# Rainy season to induce breeding



## Tyler22 (Feb 5, 2012)

Hi all, I know this may sound like a dumb idea, however I figured if anybody would appreciate it, it would be you guys. Okay so In the past when I have tried to induce breeding with cory cats and other south american fish what I have done is lower the water level over the course of a few weeks and increase the temperature. After this "dry season" I would increase the water every day colder to simulate a rainy season. Basically what I am saying is, is there any similar way to simulate a rainy season to induce dart frog breeding. Maybe a way this would work would be to feed less (still adequate however), mist less, and if there are any water features to stop flowing, lower the water level and continue with this idea for a few weeks. After this, would it make sense to fill the water features over a course of time, possibly even overflowing them, increasing food, and misting very frequently. Tell me what you think of this idea, and I am very open to criticism on the idea, I am just starting out in this wonderful hobby! Thank you for taking the time to read this!


----------



## goof901 (Jan 9, 2012)

Many of us do that to induce breeding. Draining and filling water isn't really necessary unless you have a waterfall, which in that case, I am not sure about.... But increasing the amount you feed and the amount you mist will help cycle them into breeding.


----------



## Pumilo (Sep 4, 2010)

Plenty of us play with rainy seasons or dry seasons to influence breeding.
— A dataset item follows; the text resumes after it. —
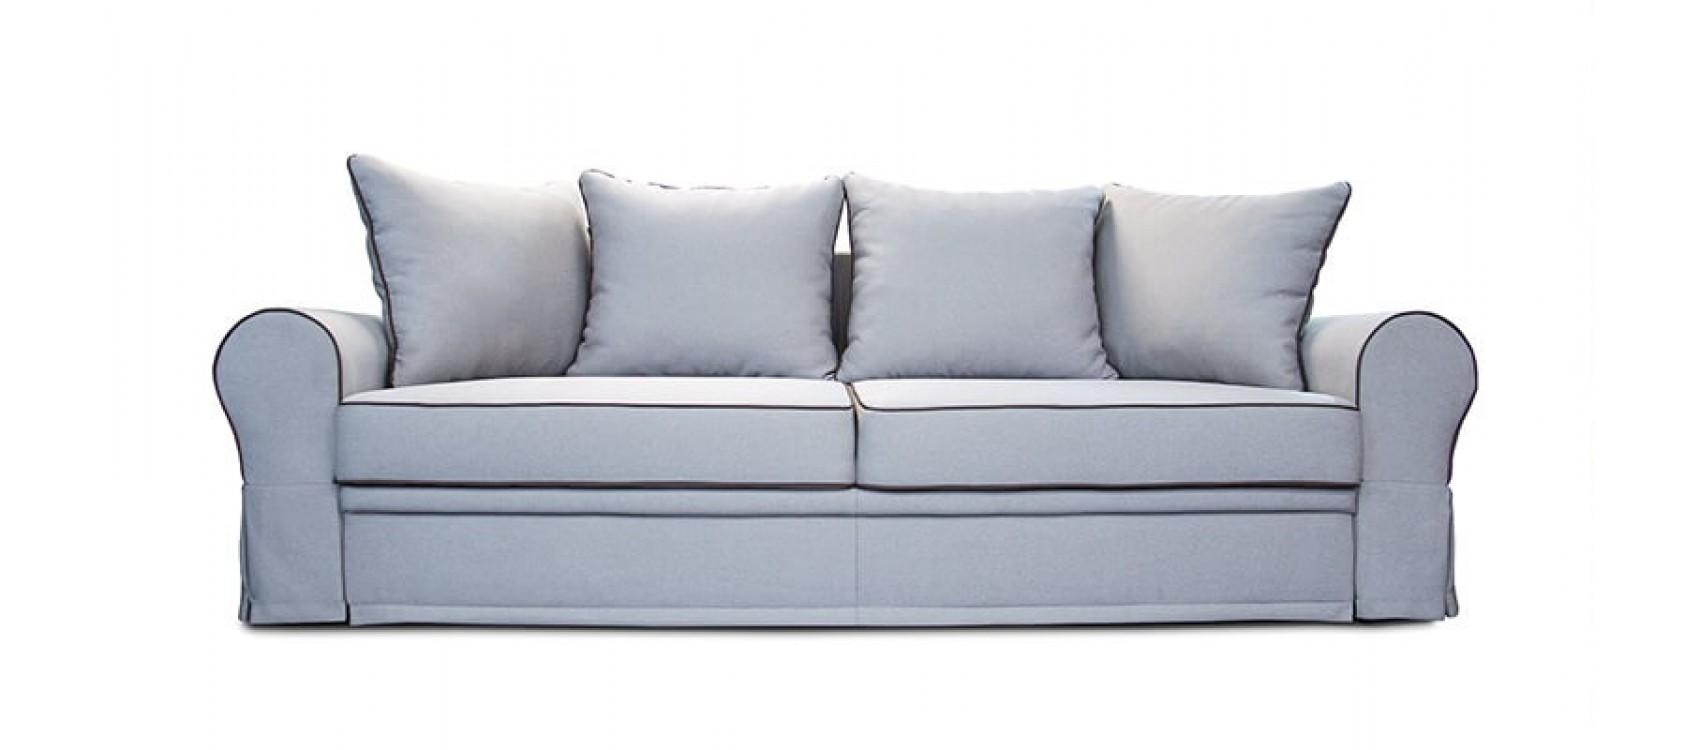 Sofa ALICE foto 13
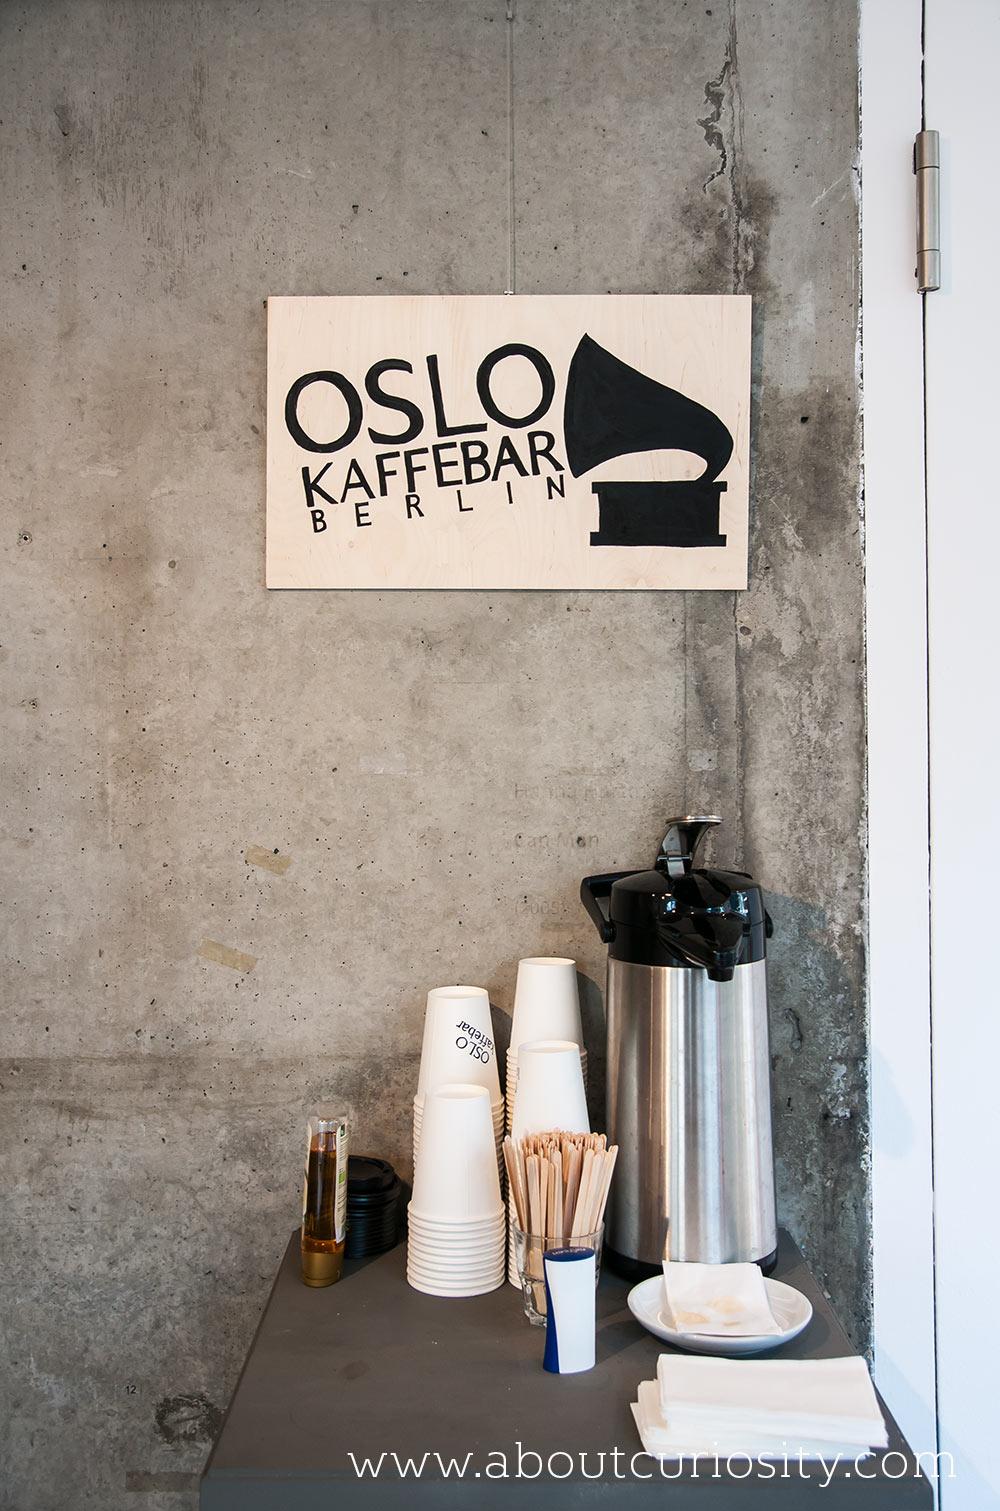 kaffeebar oslo in the nordic embassy from berlin

Unfortunately, there is no feasible way to lower the barometric pressure, and that seems to make a difference. When the real rain starts to fall, everybody starts calling and eggs aren't far behind.


----------



## LexisaurusRex (Aug 8, 2013)

Making artificial seasons is the only way some frogs will breed. You can have a dry season with minimal misting for about a month followed by heavy misting. Or just daily heavy misting in general helps with breeding as well. If you're doing full on seasons there's temp changes as well you could look up (like hotter during the dry/wet season) 
On a side note sometimes playing recorded calls of the same species can help move things along to.I taped my phone to the side of my luec tank and played some calls on YouTube and they responded instantly. It's pretty interesting to watch them try to find who's making the call at the very least  
Good luck! 


Sent from my iPhone using Tapatalk - now Free


----------



## Tyler22 (Feb 5, 2012)

Thank you everyone for the input! I just tried playing the calling sound of E. Tricolor and now they're calling! awesome way to see i have at least one male I sure hope to find some eggs some time soon but i guess time will tell! I will try to continue with the heavy misting and if there are no results after the month, I will try a "dry season" and mist less than I am right now, hopefully it works out thanks!


----------



## LexisaurusRex (Aug 8, 2013)

That's awesome! I would love to have a tricolor one day but they're intimidating haha I'm glad you have a confirmed male that's super exciting! Good lucj


Sent from my iPhone using Tapatalk - now Free


----------



## Pumilo (Sep 4, 2010)

Very cool! Congrats.


----------



## Tyler22 (Feb 5, 2012)

Yes, to say it is exciting would be an understatement! Out of the four I have confirmed two males but I think there are three, who constantly call all day and right after lights out (my room sounds like the rainforest). I have been heavily misting and feeding a good amount every day and the results are showing!(however, I believe the female(s) are too young to breed) I might be picking up a breeding group of p. vittatus from one of my customers at work who is expanding his reptile collection however downsizing his frog collection. (I work at a pet store) So I hope these methods will transfer well and get the Vittatus to breed as I would love to keep expanding in this great hobby!


----------